Du bist auch in Tschechien aufgetreten. Gibt es Unterschiede zwischen dem Publikum in Deutschland und im Ausland?

In Prag hatte ich den Eindruck, dass sich das Publikum eher nach den Klassikern sehnt und dass die zeitgenössische Komödie dort nicht so geschätzt wird. Aber das Stück Diebe, in dem ich in Prag gespielt habe, hat sehr gut in Mexiko funktioniert, das kulturell noch viel weiter entfernt liegt. Ich glaube, dass die Entfernung fast eine Hilfe ist. Je größer sie ist, desto mehr nimmt man den Theaterabend als merkwürdige Farbe von einem anderen Kontinent wahr.

Das Interview führte Michaela Pňačeková

Copyright: Goethe-Institut Prag
July 2012

    Daniel Hoevels

    Geboren 1978 in Schweden. Von 2004–2009 war er Ensemblemitglied am Thalia Theater Hamburg.
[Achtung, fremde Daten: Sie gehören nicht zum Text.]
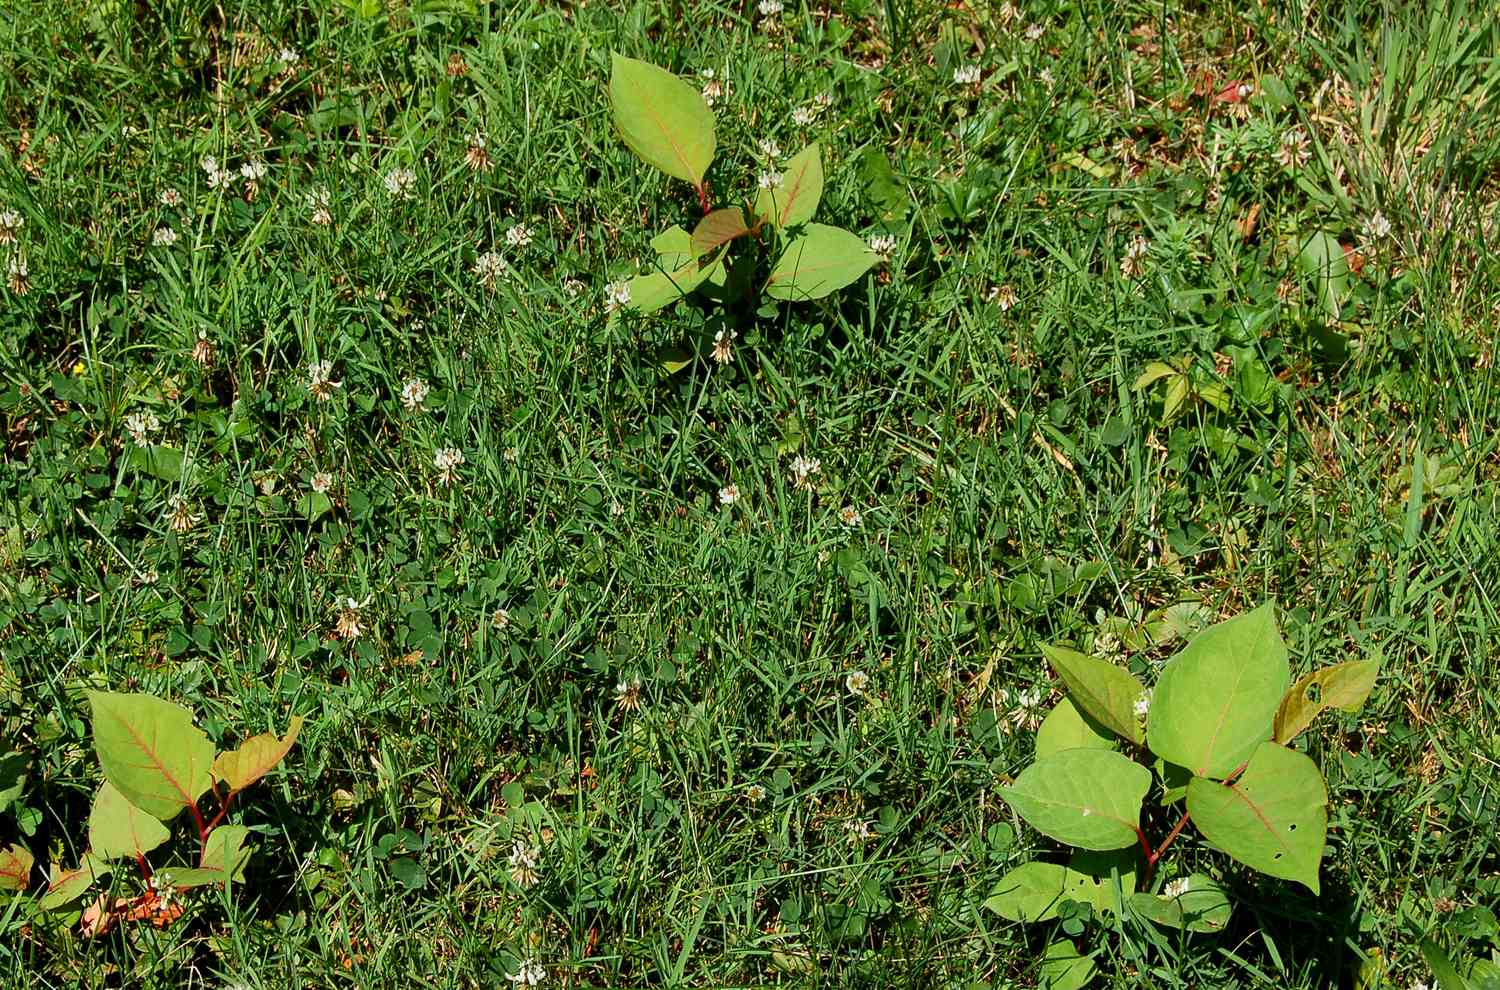 Japanese knotweed shoots popping up in a lawn.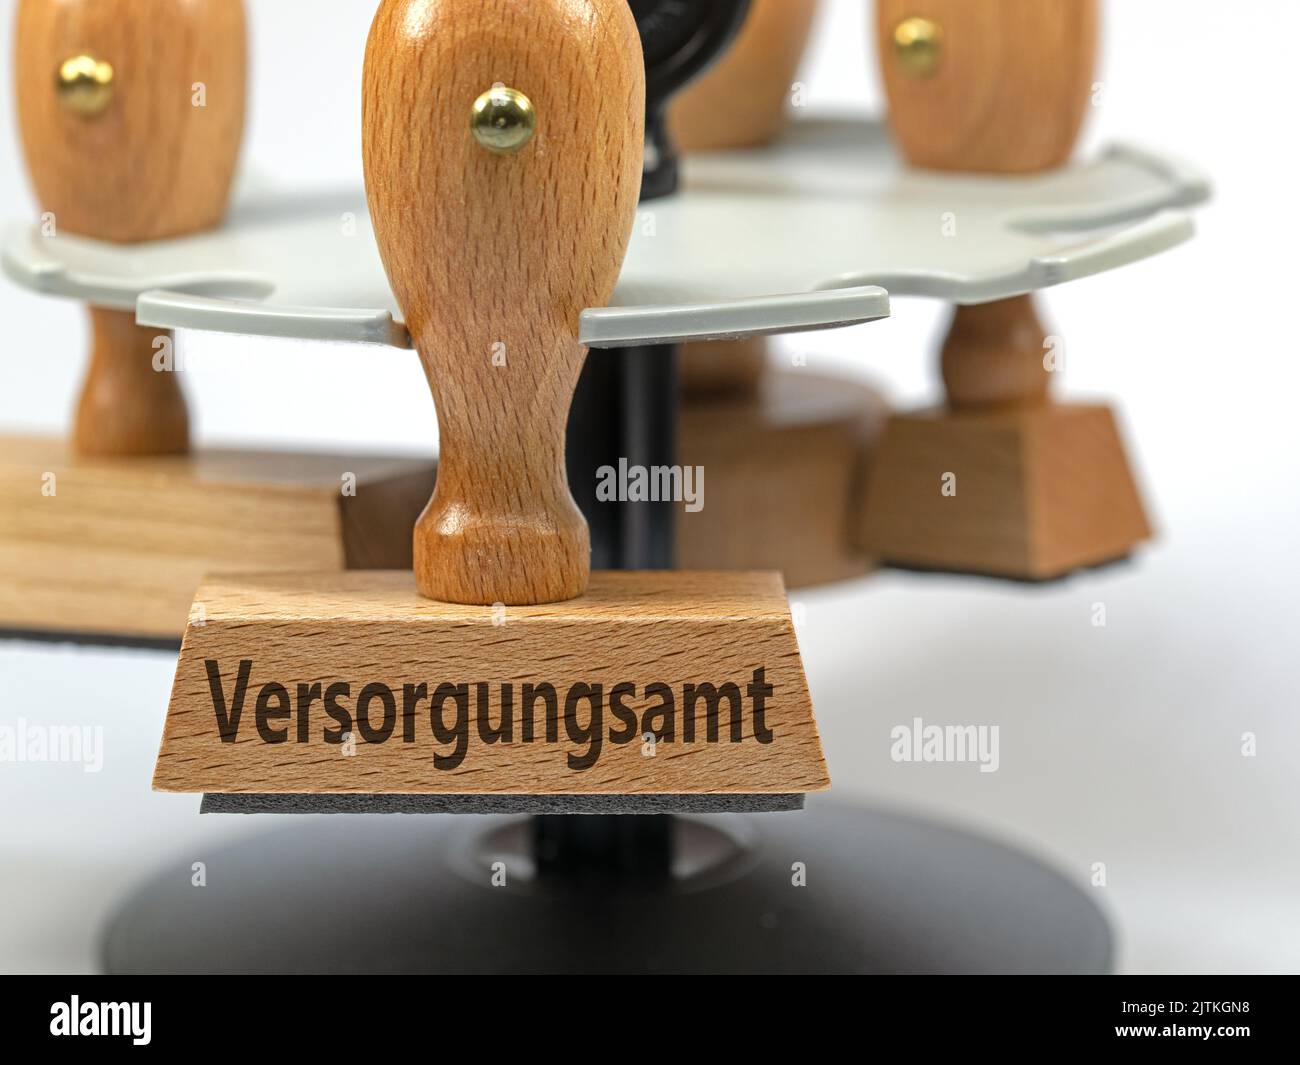 Wooden stamp with the imprint 'Versorgungsamt', translation 'Pension Office' Stock Photo

Dort arbeitete er in zahlreichen Inszenierungen mit den Regisseuren David Bösch, Jorinde Dröse, Andreas Kriegenburg, Stephan Kimmig und Nicolas Stemann. Seit der Spielzeit 2009/10 ist er Ensemblemitglied am Deutschen Theater Berlin und hier u.a. in den Inszenierungen Diebe und Herz der Finsternis von Andreas Kriegenburg sowie in Maria Stuart in der Regie von Stephan Kimmig zu sehen.